Re: Test12 ll_rw_block error.

From: Russell Cattelan (cattelan@thebarn.com)
Date: Sat Dec 16 2000 - 19:51:36 EST

Next message: Russell Cattelan: "Re: Test12 ll_rw_block error."
Previous message: Lukasz Trabinski: "Re: [patch] 2.2.18 PCI_DEVICE_ID_OXSEMI_16PCI954"
Next in thread: Russell Cattelan: "Re: Test12 ll_rw_block error."
Messages sorted by: [ date ] [ thread ] [ subject ] [ author ]

Alexander Viro wrote:

> On Thu, 14 Dec 2000, Linus Torvalds wrote:
>
> > Good point.
> >
> > This actually looks fairly nasty to fix. The obvious fix would be to not
> > put such buffers on the dirty list at all, and instead rely on the VM
> > layer calling "writepage()" when it wants to push out the pages.
> > That would be the nice behaviour from a VM standpoint.
> >
> > However, that assumes that you don't have any "anonymous" buffers, which
> > is probably an unrealistic assumption.
> >
> > The problem is that we don't have any per-buffer "writebuffer()" function,
> > the way we have them per-page. It was never needed for any of the normal
> > filesystems, and XFS just happened to be able to take advantage of the
> > b_end_io behaviour.
> >
> > Suggestions welcome.
>
> Just one: any fs that really cares about completion callback is very likely
> to be picky about the requests ordering. So sync_buffers() is very unlikely
> to be useful anyway.

Actually no, that's not the issue.

The XFS log uses a LSN (Log Sequence Number) to keep track of log write ordering.
Sync IO on each log buffer isn't realistic; the performance hit would be to great.

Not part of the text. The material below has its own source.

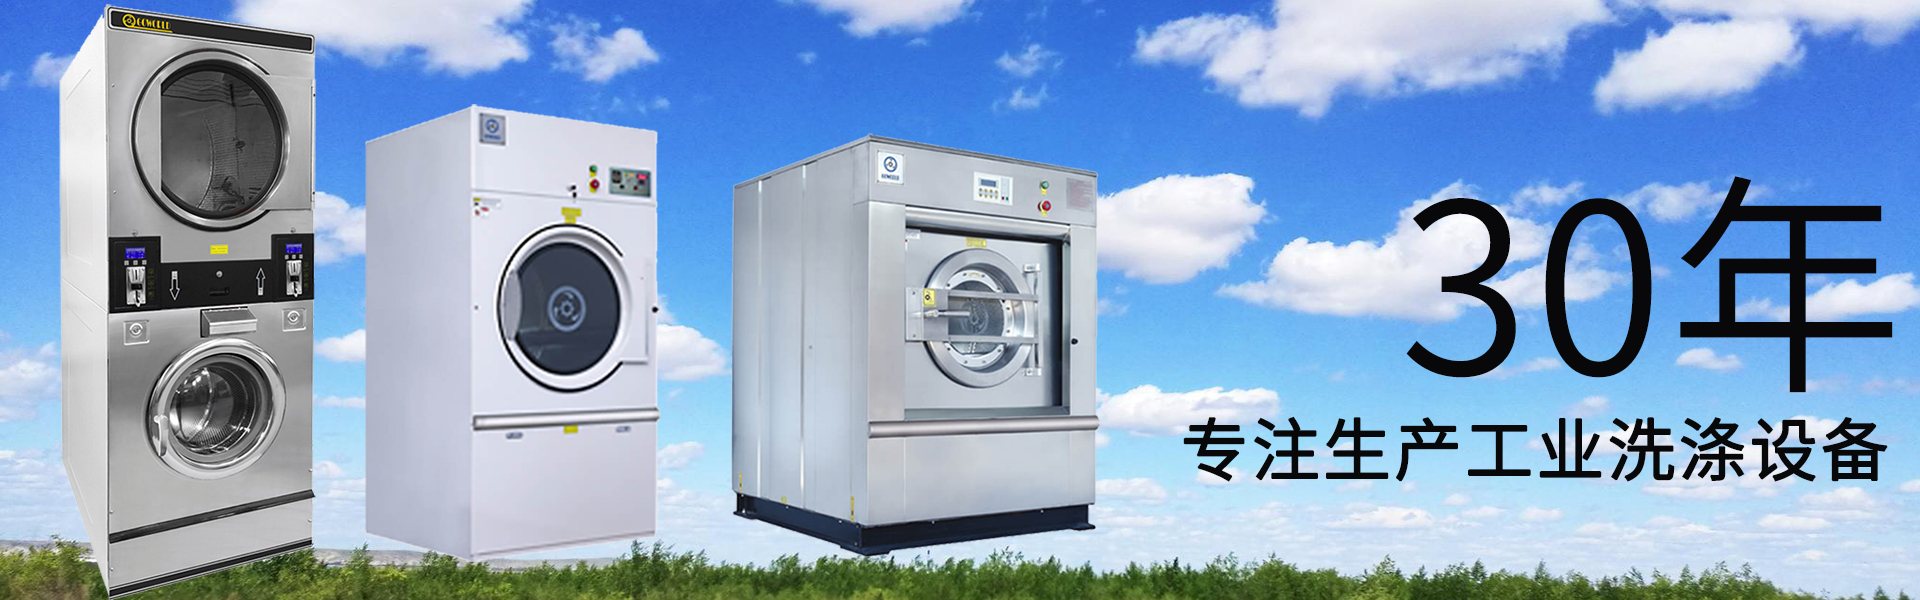 ballbet:洗衣机什么品牌好 世界十大洗衣机品牌排行

I wasn't around when most of XFS was developed, but from I what I understand it
was discovered early on that firing off writes in a particular order doesn't
guarantee that
they will finish in that order. Thus the implantation of a sequence number for
each log write.

One of the obstacles we ran into early on in the linux port was the fact that
linux used fixed size IO requests to any given device.
But most of XFS's meta data structures vary in size in multiples of 512 bytes.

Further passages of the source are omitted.